Another reason cited by tenant campaign groups is that of insecurity of tenure. The abolition of s21 is supposed to address that issue. If tenant groups are right, then as well as a massive increase in landlord possession claims requiring a hearing, we can expect a surge in tenant claims against landlords for disrepair.

The bottom line is that a well-functioning private rented sector requires an effective and efficient court system as a backstop, where either the tenant or landlord is failing to keep to the terms of their tenancy.

Tenants who don’t pay rent, indulge in anti-social or criminal behaviour, or commit other serious breaches of their tenancy agreement must expect there to be sanctions, and for them to be imposed in a reasonably quick timescale.

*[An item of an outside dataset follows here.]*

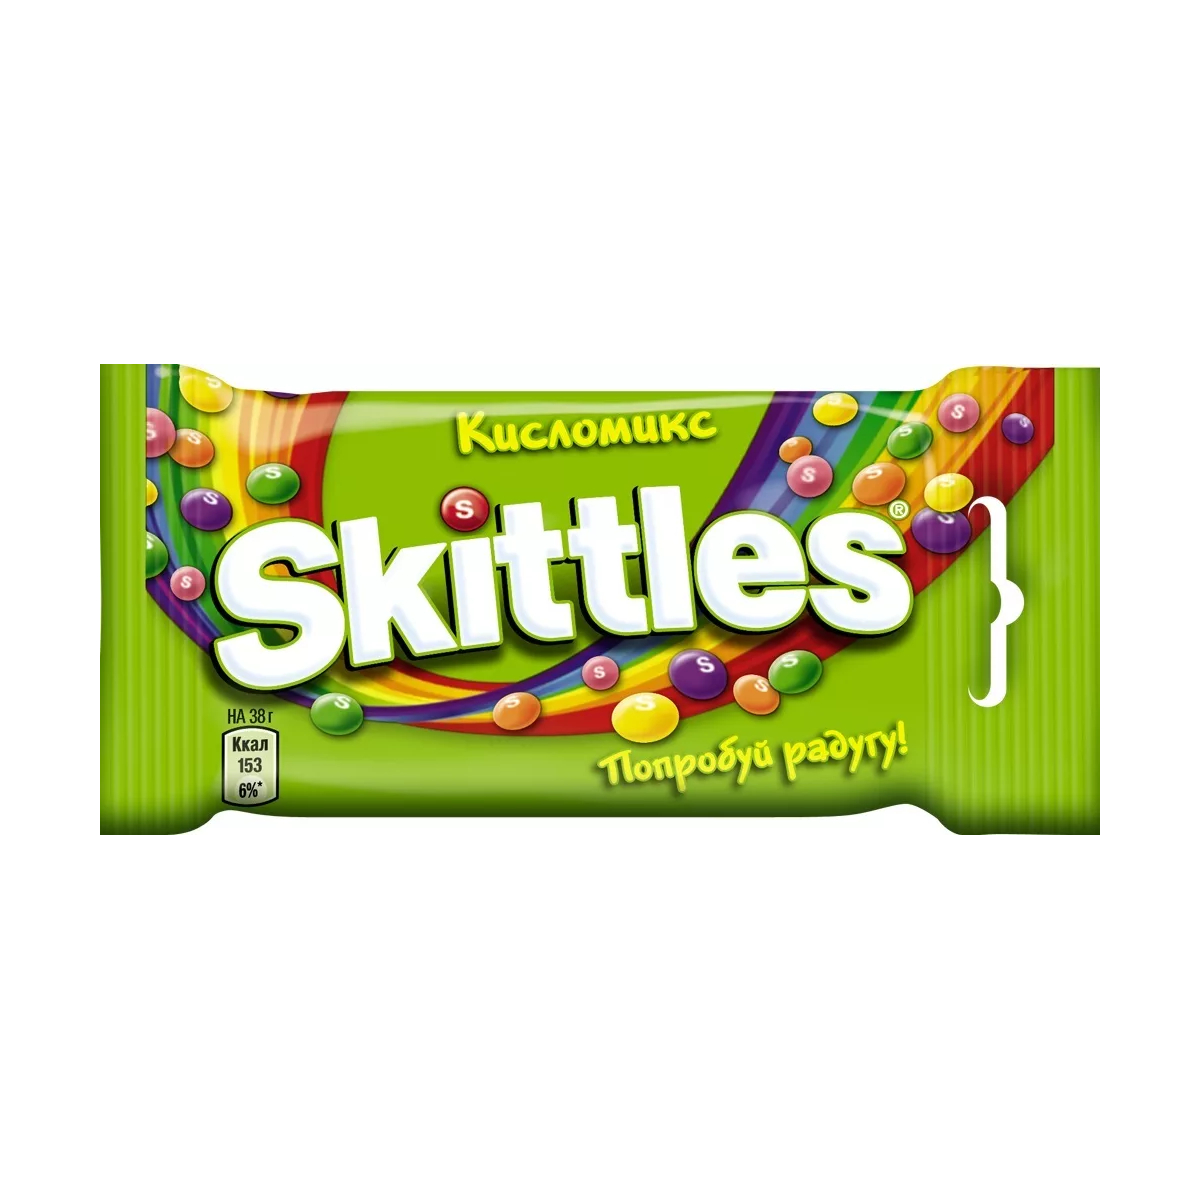 Драже Skittles Кисломикс, в разноцветной глазури, 38 г драже skittles фрукты 38 г

They are effectively keeping another tenant or family, who may be in desperate need, from accessing that home.

Landlords who fail to maintain their property, keep tenants safe or threaten and harass must be held to account, forced to put things right face a financial penalty, or in the most serious cases a custodial sentence. They are undercutting law abiding landlords who provide safe, legal, and secure homes at best providing unfair competition, and at worst endangering lives.

Calls for a well-resourced specialist housing court, embracing modern systems, and offering fair access to justice for landlords and tenants alike cannot be dismissed.